Task to complete | Could you please transcribe the data exactly, without the pictures?

Recorded data |
☆ ☆ ☆ ☆ ☆ ☆ ☆

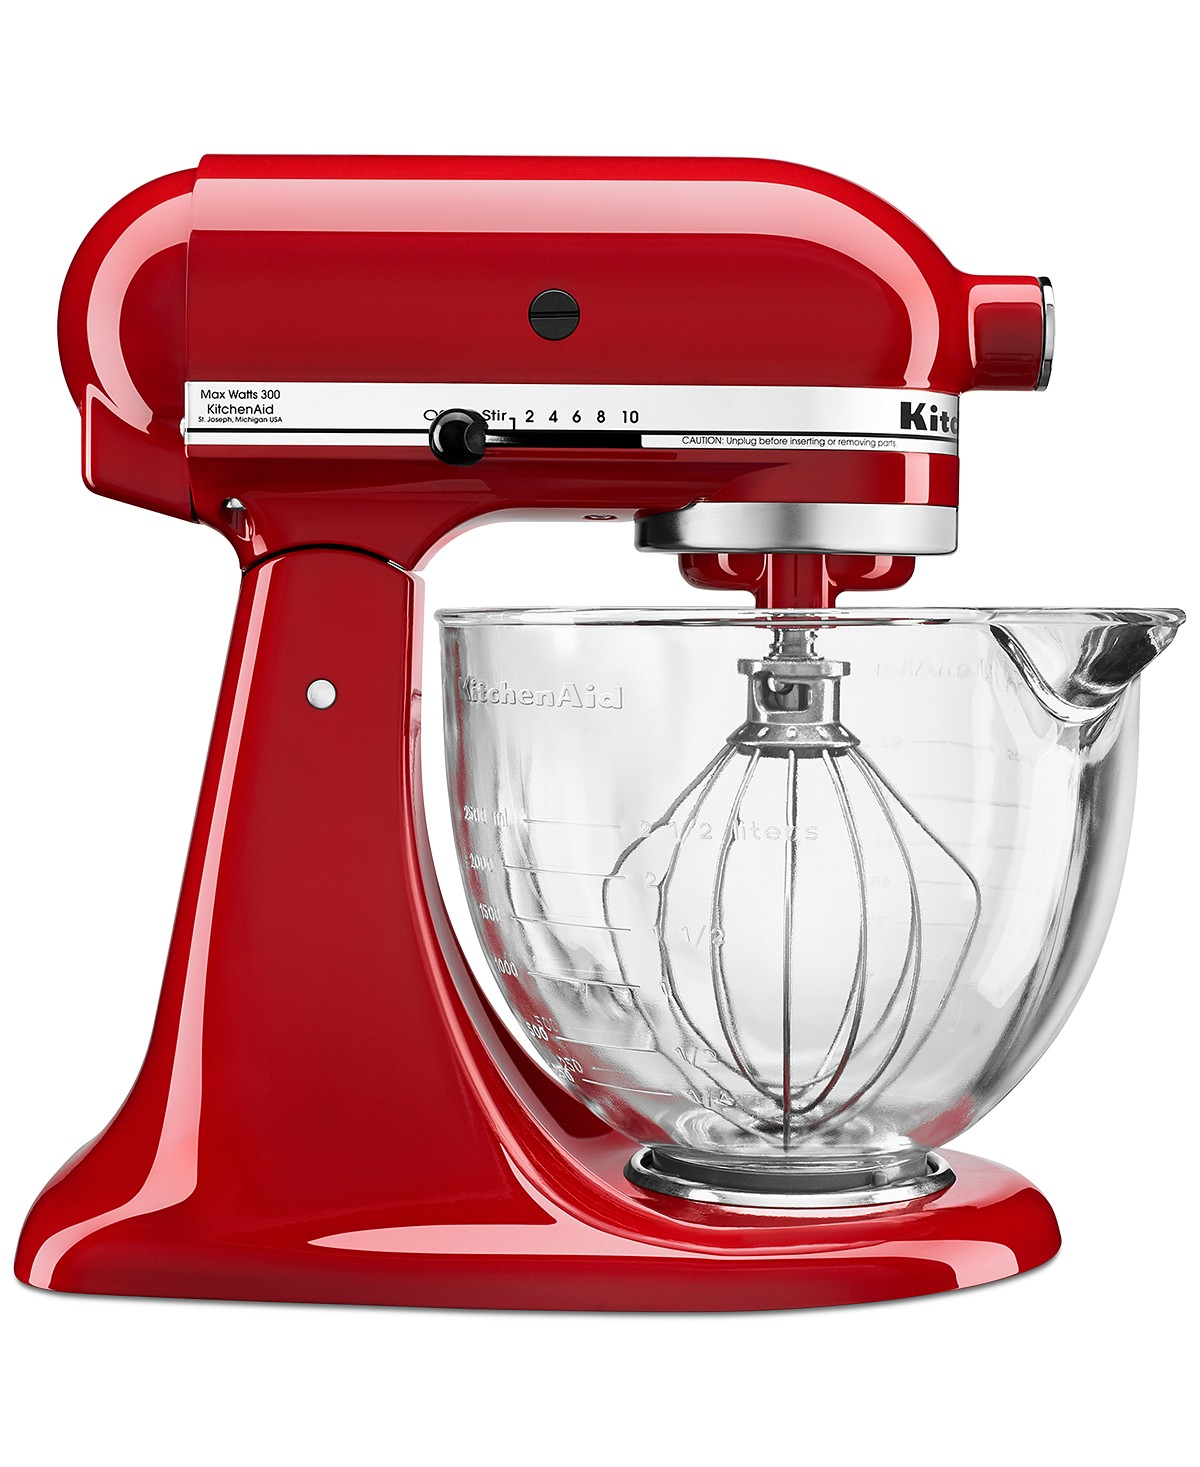 KitchenAid KSM105GBC 5 qt. Stand Mixer with Glass Bowl & Flex Edge Beater
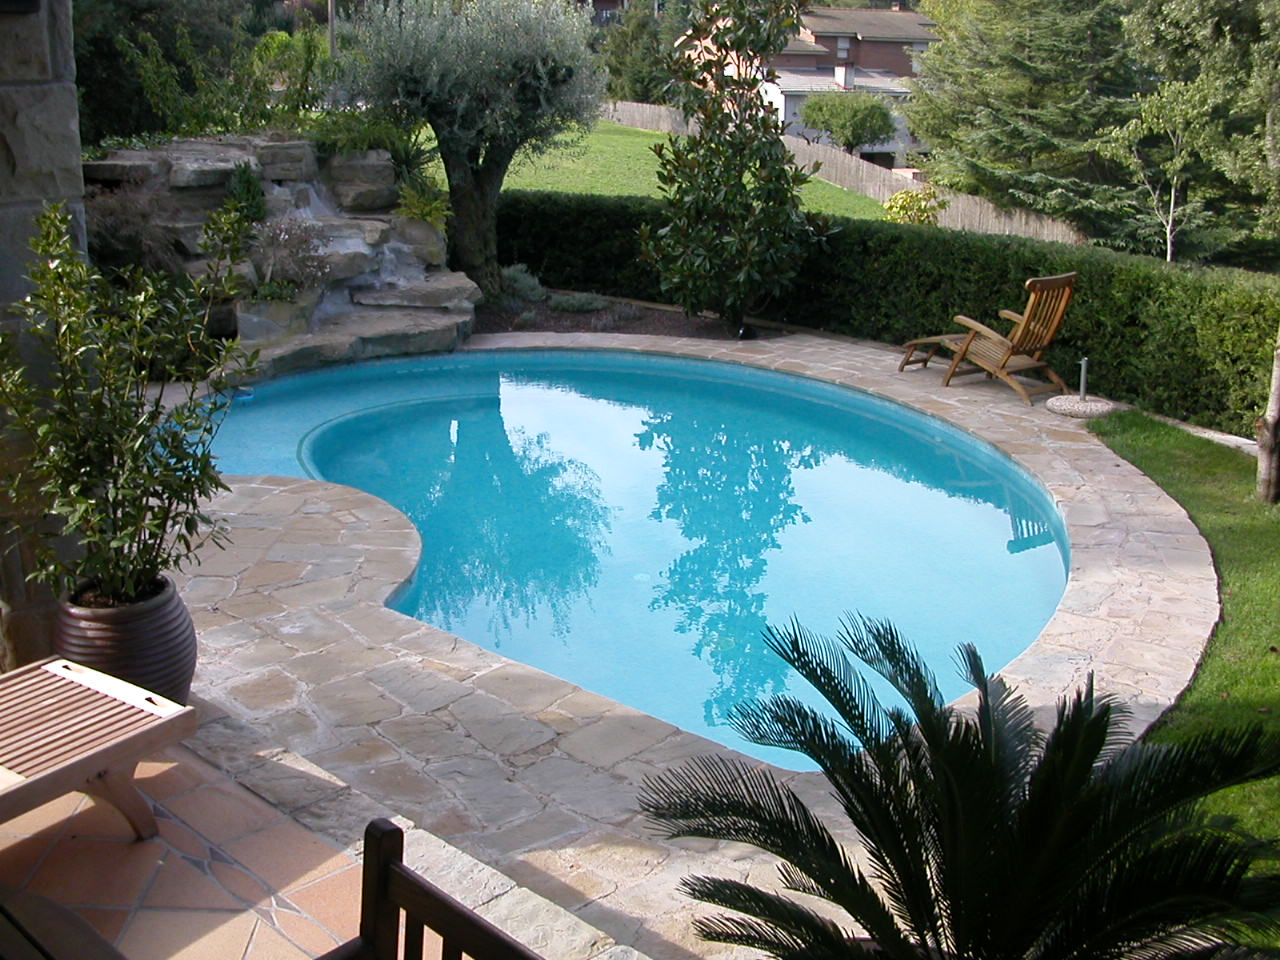 imagen+piscina.jpg
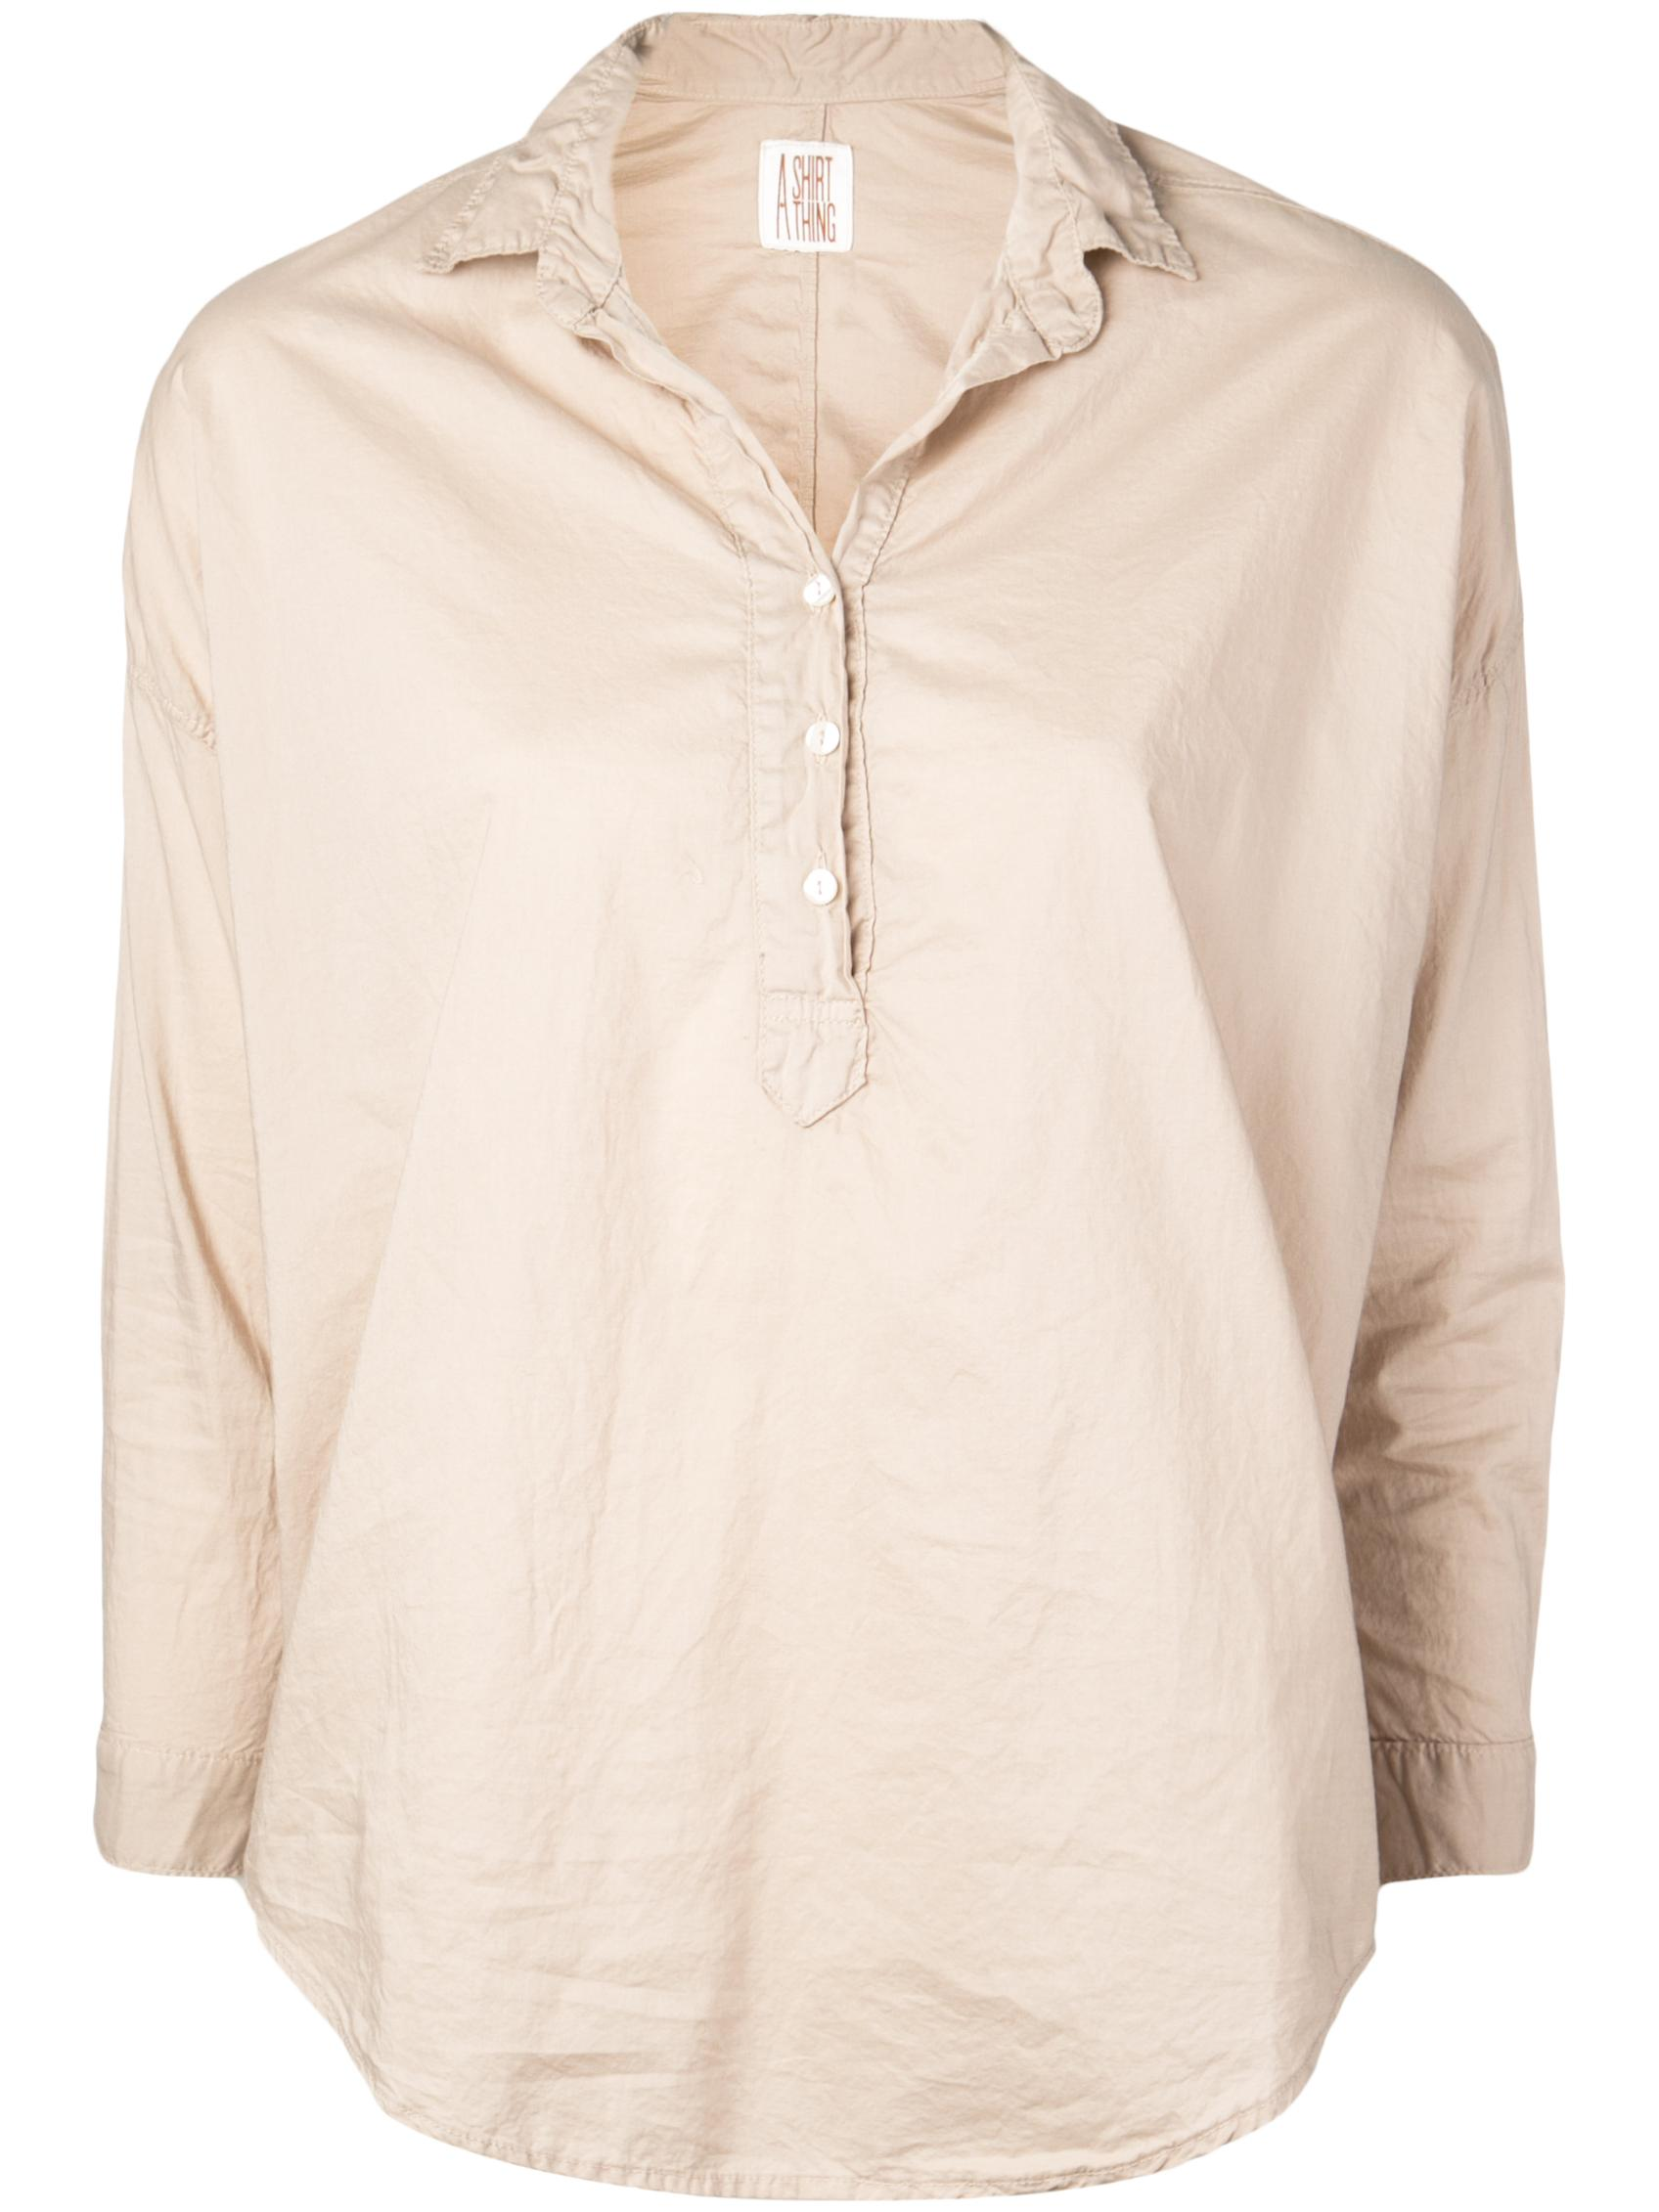 Diego Cabo Button- Up Poplin Shirt Item # TP10188-701

☆ ☆ ☆ ☆ ☆ ☆ ☆

Reply to the exercise |
 KitchenAid KSM105GBC 5 qt. Stand Mixer with Glass Bowl & Flex Edge Beater
 imagen+piscina.jpg
 Diego Cabo Button- Up Poplin Shirt Item # TP10188-701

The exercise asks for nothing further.